Most recently, the company posted fourth-quarter funds from operations (FFO) of $1.01, which beat expectations by five cents. Revenue of $1.07 billion, while down 4.5% year over year, still came in ahead of estimates. Management noted that full-year 2025 results exceeded expectations across key metrics.
Looking ahead, Crown Castle is making strategic changes aimed at improving efficiency and maximizing shareholder value. For long-term investors, its position in essential communications infrastructure could provide steady income along with gradual growth potential.
Digital Realty Trust
With a yield of 2.77%, Digital Realty Trust (NYSE: DLR) is one of the largest REITs in the U.S., operating more than 300 data centers worldwide. As demand for data storage and processing continues to surge, the company is well-positioned to benefit from one of the most important technology trends of the next decade.
The company recently declared a quarterly dividend of $1.22 per share, payable on March 31 to shareholders of record as of March 13.
Much of Digital Realty’s growth is being driven by the artificial intelligence boom. As companies invest heavily in AI, cloud computing, and big data, demand for data center capacity is expected to grow rapidly. In fact, analysts expect data center demand to rise significantly through 2030, with supply still struggling to keep up in key markets.

Financially, the company continues to show solid performance. In its fourth quarter, funds from operations came in at $1.81, just slightly below expectations, while revenue of $1.63 billion beat estimates and showed steady growth.

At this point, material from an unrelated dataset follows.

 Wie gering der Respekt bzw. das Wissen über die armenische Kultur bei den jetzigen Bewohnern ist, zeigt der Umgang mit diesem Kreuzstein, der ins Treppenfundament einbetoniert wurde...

A Simple Way to Generate Income
In uncertain markets, smart investors keep things simple: focus on steady income and long-term growth. REITs like Crown Castle and Digital Realty Trust offer both, with reliable dividends and exposure to strong trends like wireless infrastructure and artificial intelligence.
No stock is risk-free, but companies with consistent cash flow can help reduce volatility and keep your portfolio on track. Over time, it’s this kind of disciplined, income-focused approach that can make a real difference.